具有仅当前追踪文件的历史复制的新回购 [英] New repo with copied history of only currently tracked files

查看:95
本文介绍了具有仅当前追踪文件的历史复制的新回购的处理方法,对大家解决问题具有一定的参考价值,需要的朋友们下面随着小编来一起学习吧!

问题描述

我们目前的回购有成千上万的提交,并且新的克隆传输了近一个数据(有很多jar文件在历史中被删除)。我们希望通过制作一个新的repo来保留完整的历史记录,只保存回购中当前活动的文件,或者修改当前的repo以清除已删除的文件历史记录。但我不确定如何在实际庄园中做到这一点。



我试过了从git历史记录中删除已删除的文件

  for del in cat deleted.txt` 

git filter-branch --index-filtergit rm --cached --ignore -unmatch $ del--prune-empty - --all
#下面这些似乎是必要的time
#因为否则git不会覆盖refs / original
git reset --hard
git for-each-ref --format =%(refname)refs / original / | xargs -n 1 git update-ref -d
git reflog expire --expire = now --all
git gc --aggressive --prune = now
done;

但是,鉴于我们有成千上万的历史记录中已删除的文件和数万次提交,运行脚本将需要一个永恒。我开始在2小时前运行这个只有一个被删除的文件,并且filter-branch命令仍在运行,它一次只能处理40,000个提交中的每个提交,并且这是一个新的带有SSD驱动器的Macbook Pro。



我也读过这个页面 https://help.github.com/articles/remove-sensitive-data ,但这只适用于删除单个文件。
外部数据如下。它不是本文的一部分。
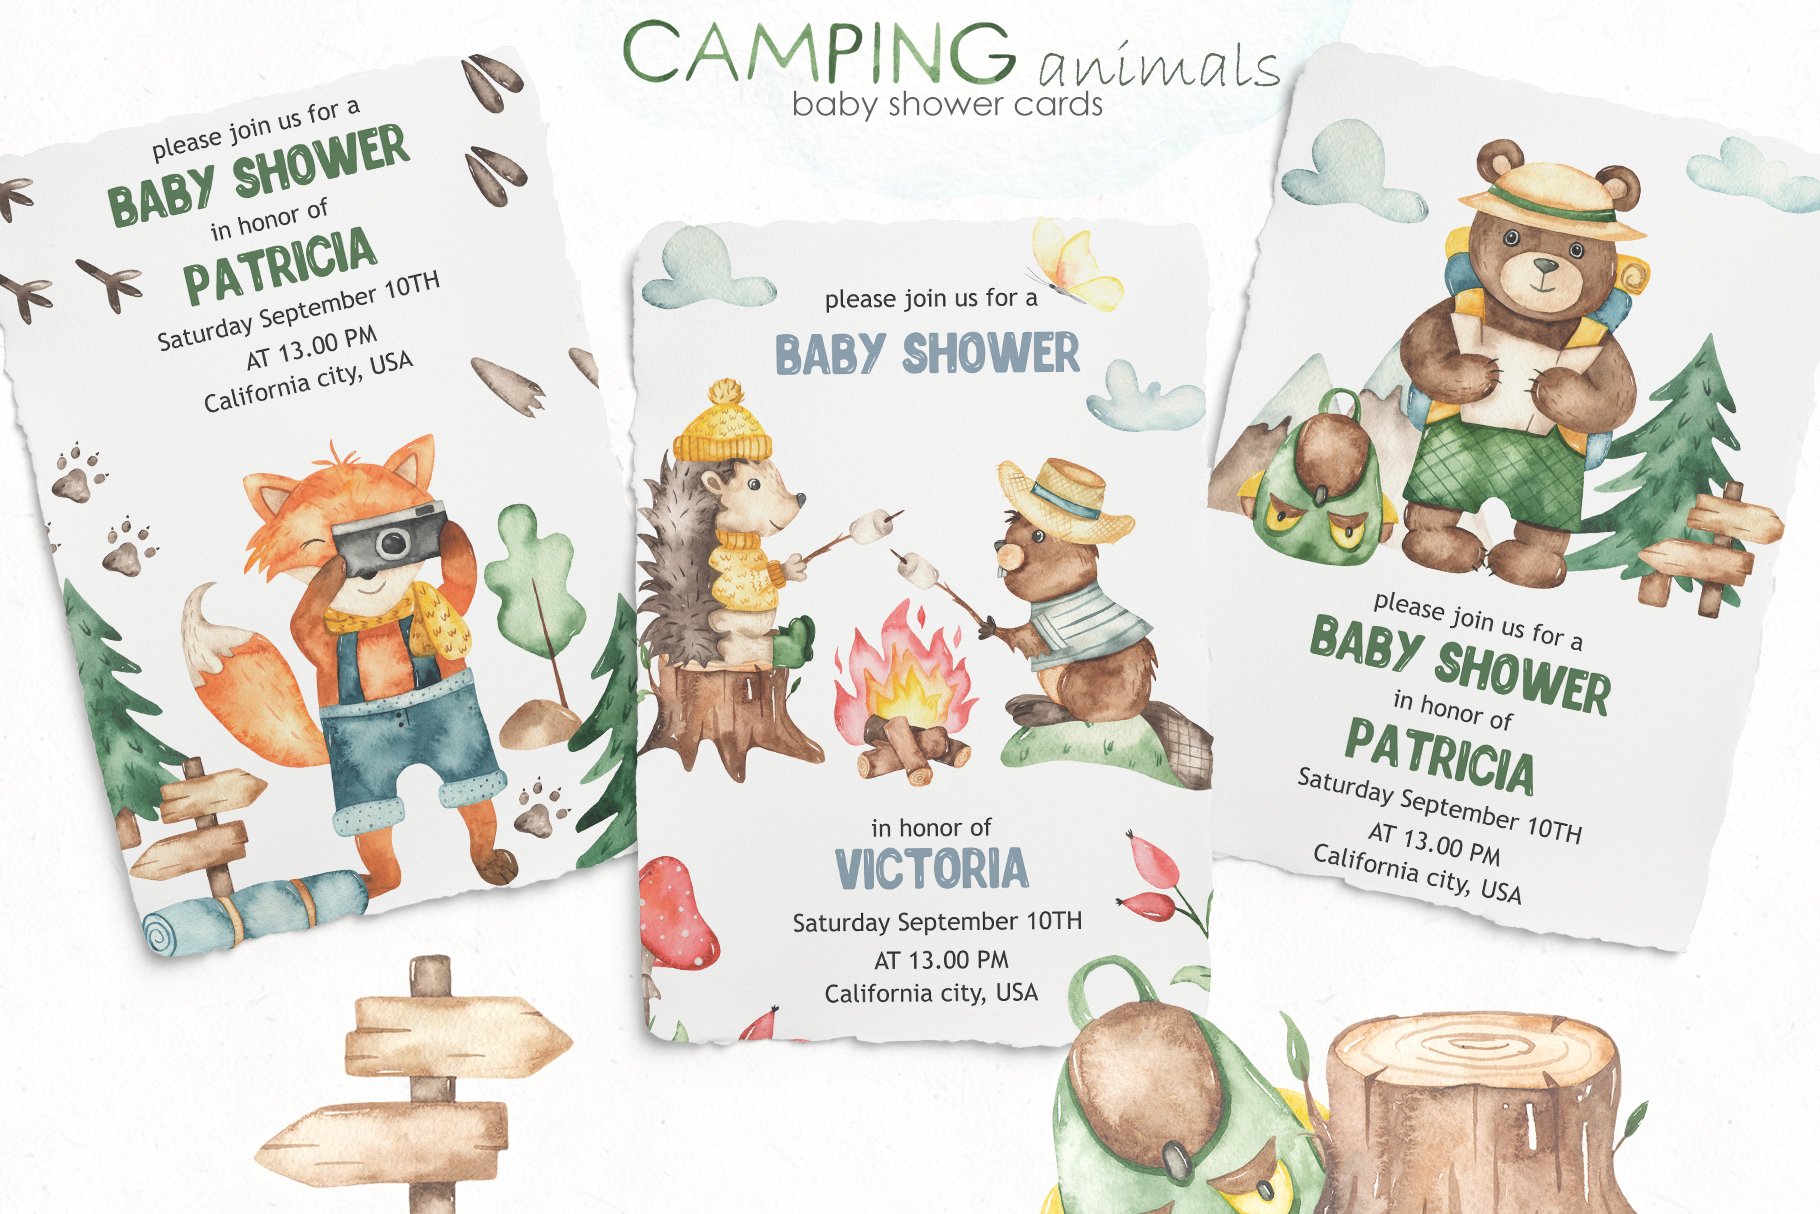 Cool camping watercolor cards.

有没有人能够做到这一点?我真的想保留当前跟踪文件的历史记录,我不确定如果我们无法保留历史记录,节省空间的好处是否值得创建新的回购。

解决方案

删除所有内容并恢复您想要的内容



这个文件列表一次一个,

  $ git checkout master 
$ git ls-files> keep-these.txt
$ git filter-branch --force --index-filter \
git rm --ignore-unmatch --cached -qr。; \
cat $ PWD / keep-these.txt | xargs git reset -q \ $ GIT_COMMIT - \
--prune-empty --tag-name-filter cat - --all

执行速度可能会更快。



清理步骤< h3>

整个过程完成后,然后清理:

  $ rm -rf .git / refs / original / 
$ git reflog expire --expire = now --all
$ git gc --prune = now

#可选的额外gc。缓慢,可能不会进一步减少回购规模
$ git gc --aggressive --prune = now

比较前后的存储库大小,应该表明大小
减少,当然只有提交触及保存的文件,并且合并
提交 - 即使为空(
因为这就是--prune-empty作品),将 $ b

$ GIT_COMMIT?



使用 $ GIT_COMMIT 似乎引起了一些混淆, from git filter-branch documentation (加入强调):

lockquote

这个参数总是在shell上下文中使用eval命令(由于技术原因,提交过滤器有明显的例外)。在此之前, $ GIT_COMMIT环境变量将被设置为包含被重写的提交的ID



<这意味着 git filter-branch 将在运行时提供该变量,它并非由您提供。这可以证明,如果有任何疑问使用这个no-op过滤器分支命令:

$ $ p $ code $ git filter-branch --index-过滤器 回声当前提交被\ $ GIT_COMMIT
重写d832800a85be9ef4ee6fda2fe4b3b6715c8bb860(1 / XXXXX)当前提交是d832800a85be9ef4ee6fda2fe4b3b6715c8bb860
重写cd86555549ac17aeaa28abecaf450b49ce5ae663(2 / XXXXX)当前提交是cd86555549ac17aeaa28abecaf450b49ce5ae663
...


Our current repo has tens of thousands of commits and a fresh clone transfers nearly a gig of data (there are lots of jar files that have since been deleted in the history). We'd like to cut this size down by making a new repo that keeps the full history for just the files that are currently active in the repo, or possibly just modify the current repo to clear the deleted file history. But I'm not sure how to do this in a practical manor.

I've tried the script in Remove deleted files from git history:

for del in `cat deleted.txt`
do
    git filter-branch --index-filter "git rm --cached --ignore-unmatch $del" --prune-empty -- --all
    # The following seems to be necessary every time
    # because otherwise git won't overwrite refs/original
    git reset --hard
    git for-each-ref --format="%(refname)" refs/original/ | xargs -n 1 git update-ref -d
    git reflog expire --expire=now --all
    git gc --aggressive --prune=now
done;

But given that we have tens of thousands of deleted files in the history and tens of thousands of commits, running the script would take an eternity. I started running this for just ONE deleted file 2 hours ago and the filter-branch command is still running, it's going through each of the 40,000+ commits one at a time, and this is on a new Macbook pro with an SSD drive.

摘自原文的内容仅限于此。